The configurable modular networking system of further comprises: at least one general network module can be coupled to said bus of claim 3, each general network module comprising at least one general module key, wherein said general network modules can be configured by said general module keys. Wherein: The network function modules are configured and enabled by the hardware keys. The software modules are enabled by the software keys. The hardware modules are enabled by the secret keys. The general network modules are enabled by the general module keys. Thus, the software modules, network function modules, hardware modules and general network modules are configurable by varies combinations of said software keys, hardware keys, secret keys and general module keys. Thus, the configurable modular networking system in accordance with the present invention has the following advantages. With the software keys, hardware keys, secret keys, and general module keys, said software modules, said network function modules, said hardware modules and said general network modules are all configurable to expand or contract on a single platform according to the development of a computer network environment.
BRIEF DESCRIPTION OF THE DRAWINGS
FIG. 1 is a block diagram of an embodiment of the present invention;
FIG. 2 is a more detailed block diagram of said embodiment of the present invention; FIG. 3 is a block diagram of a preferred embodiment according to the principles of the present invention;
FlG. 4 is another block diagram of a preferred embodiment according to the principles of the present invention;
FTG. 5 is a flowchart of the procedure for upgrading the function of the embodiment of this present invention;
FTG. 6 is a flowchart of the procedure for upgrading hardware modules;
FTG. 7 is a flowchart of the procedure for upgrading function modules of said communication IC; and
FTG. 8 is a flowchart of the procedure for upgrading function of the software modules.

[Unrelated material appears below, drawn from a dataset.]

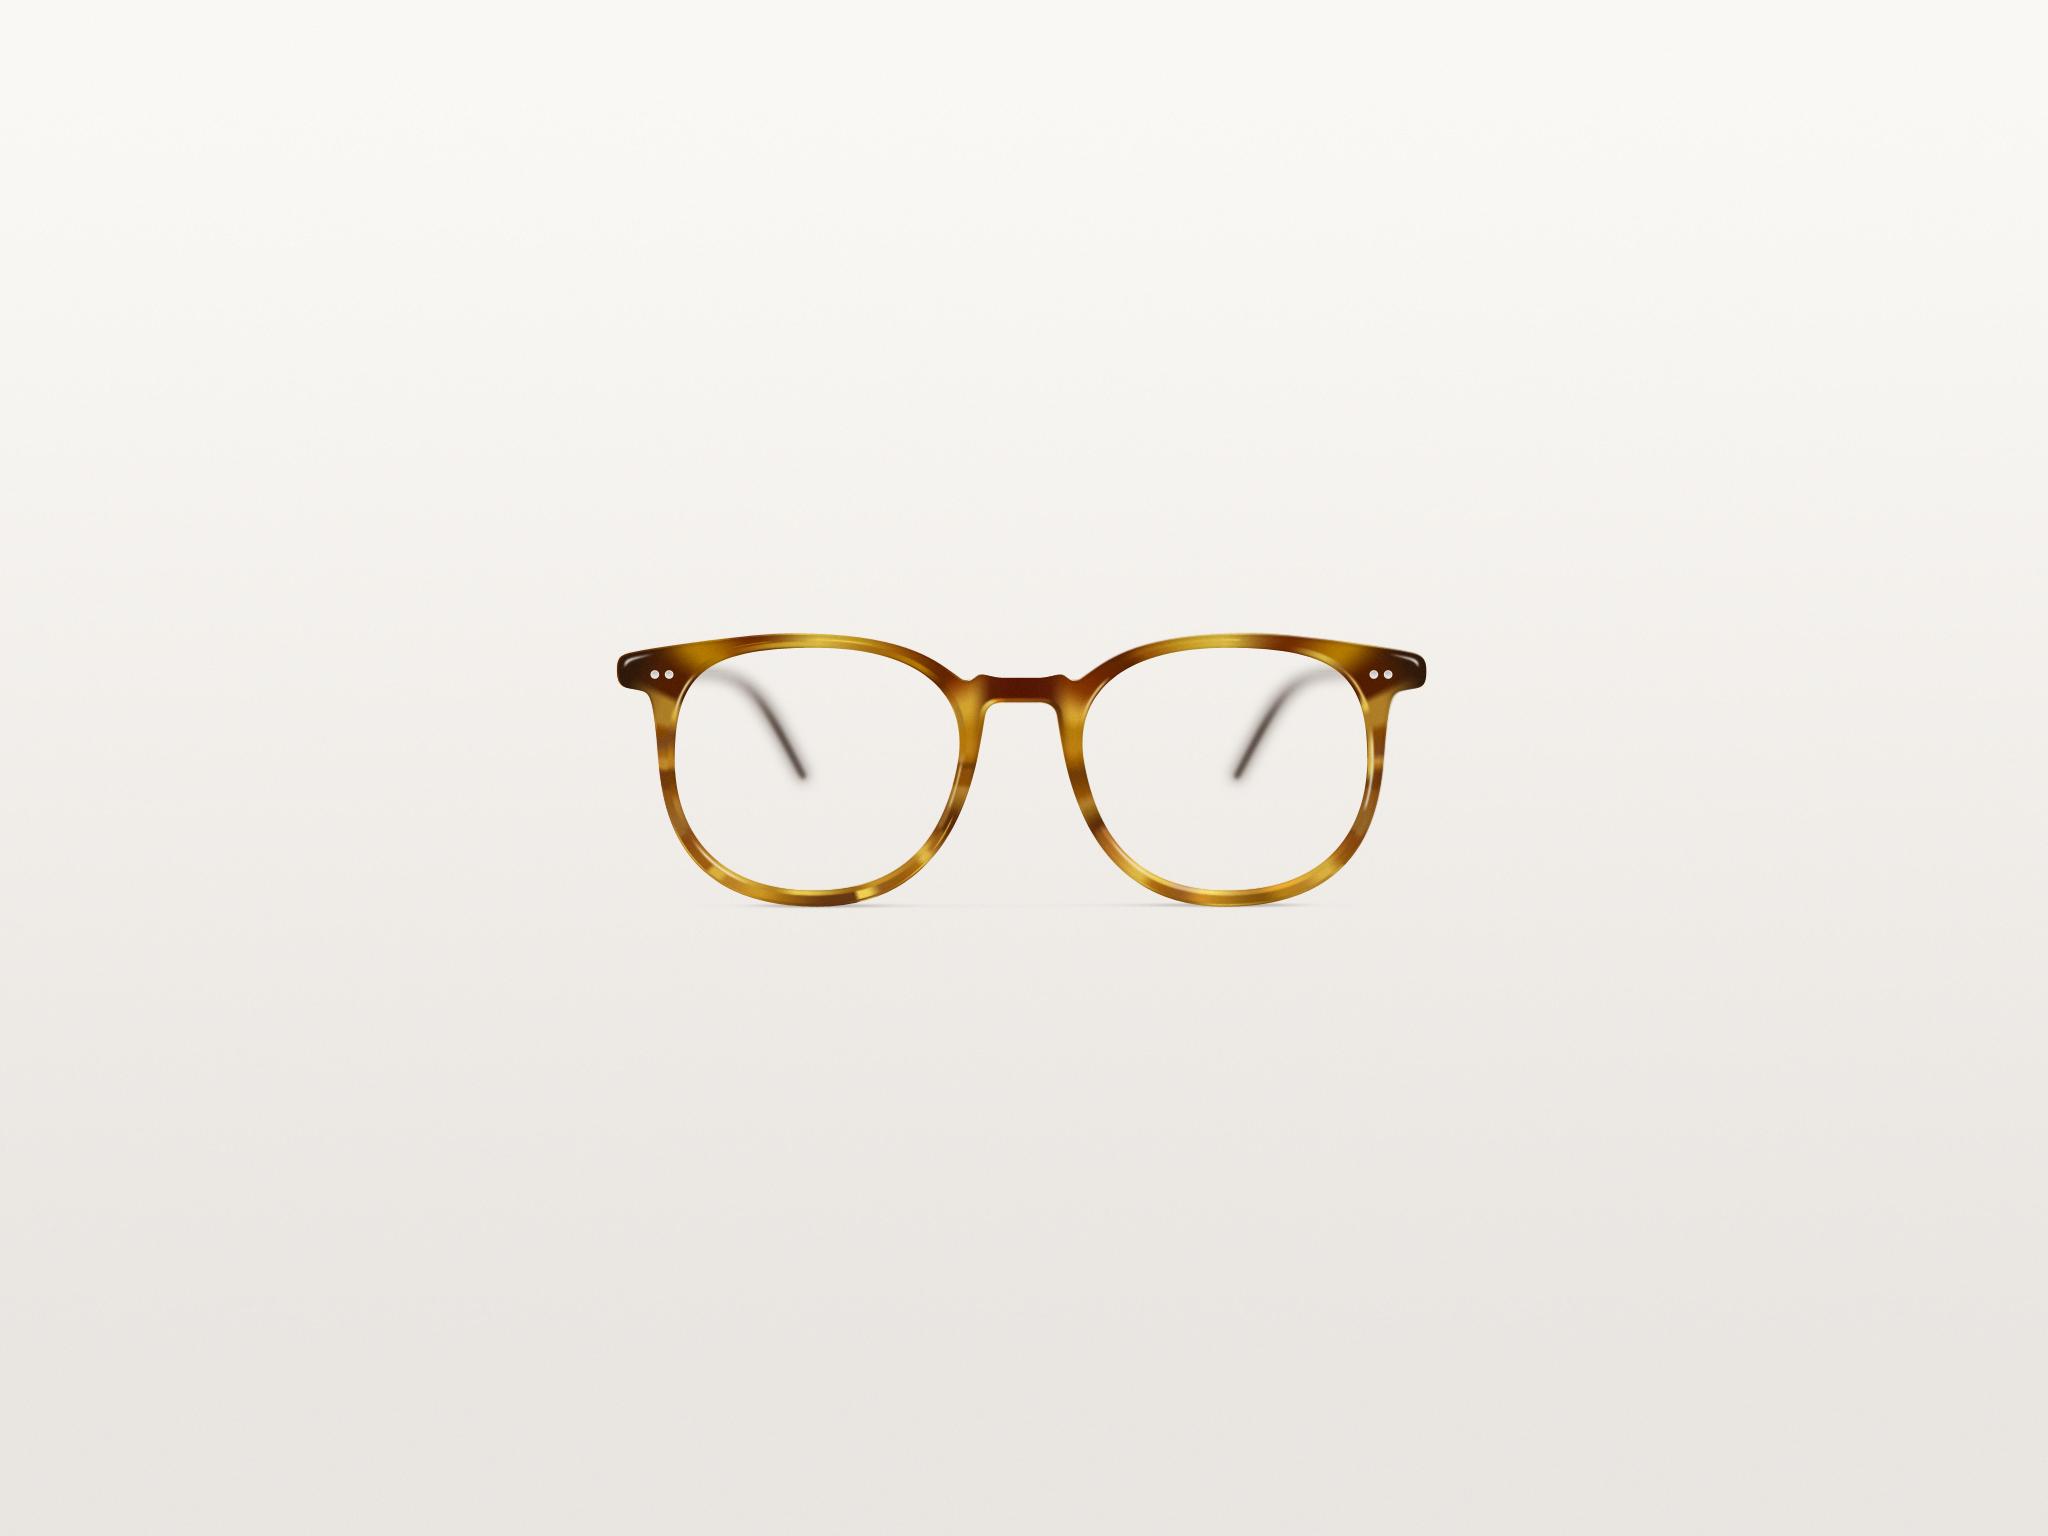 Garrett leight glasses full

DETAILED DESCRIPTION OF THE PREFERRED EMBODIMENTS
A configurable modular networking system and corresponding methods are described. In the following description, for purposes of explanation, numerous specific details are set forth in order to provide a thorough understanding of the invention. It will be apparent, however, to one skilled in the art that the invention can be practiced without these specific details. In other instances, structures and devices are shown in block diagram form in order to avoid obscuring the invention.

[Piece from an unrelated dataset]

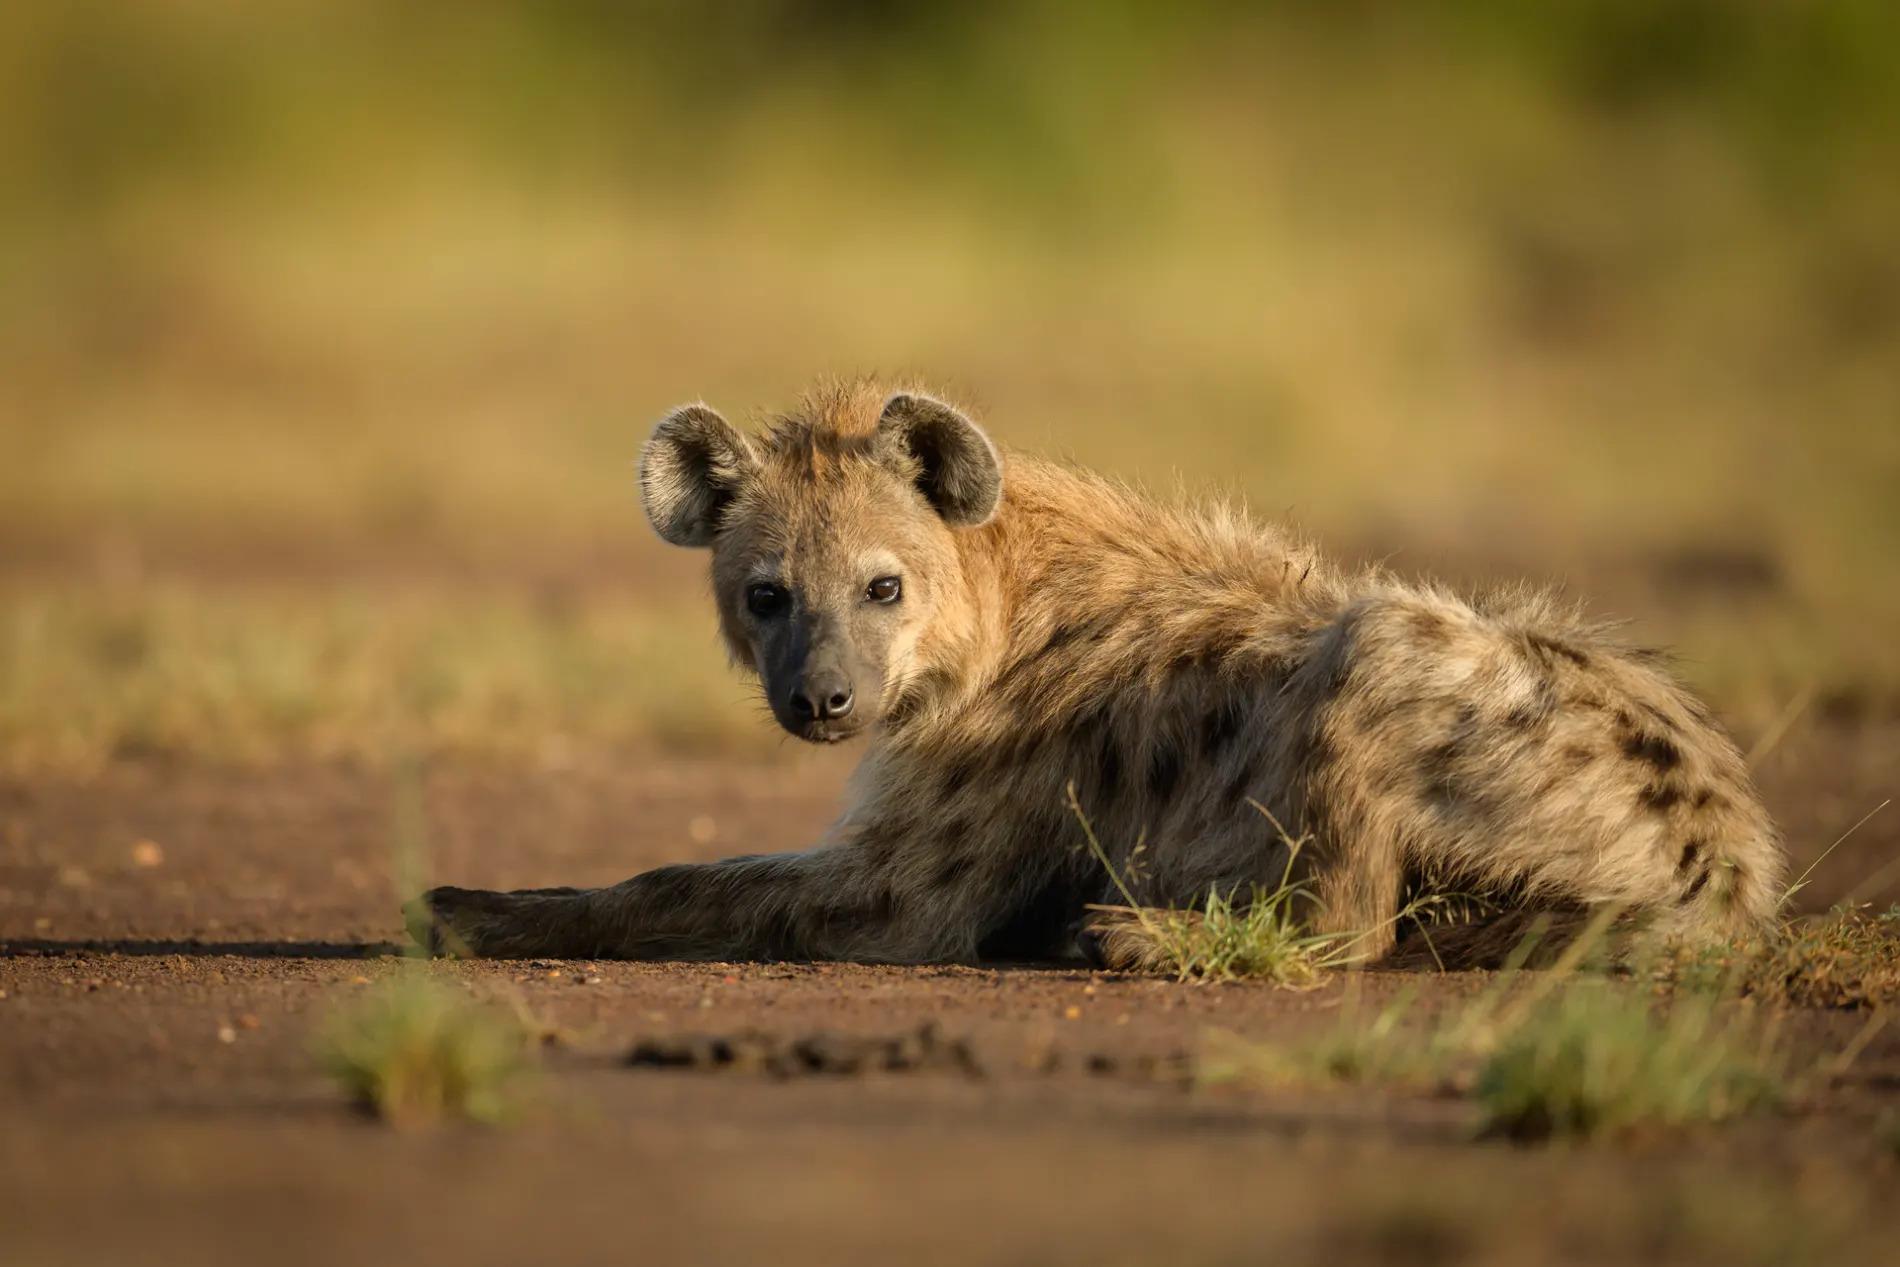 hyena sitting

Reference in the specification to "one embodiment" or "an embodiment" means that a particular feature, structure or characteristic described in connection with the embodiment is included in at least one embodiment of the invention. The appearances of the phrase "in one embodiment" in various places in the specification are not necessarily all referring to the same embodiment. Unless specifically stated otherwise as apparent from the following discussion, it is appreciated that throughout the description, discussions such as "processing" or "computing" or "determining" or "switching" or "converting" or the like, refer to the action and process of a computing system or networking system that manipulates and transforms data represented as physical (electronic) quantities within the system's registers and memories into other data similarly represented as physical quantities within the system registers or memories or other such information storage, transmission or display devices.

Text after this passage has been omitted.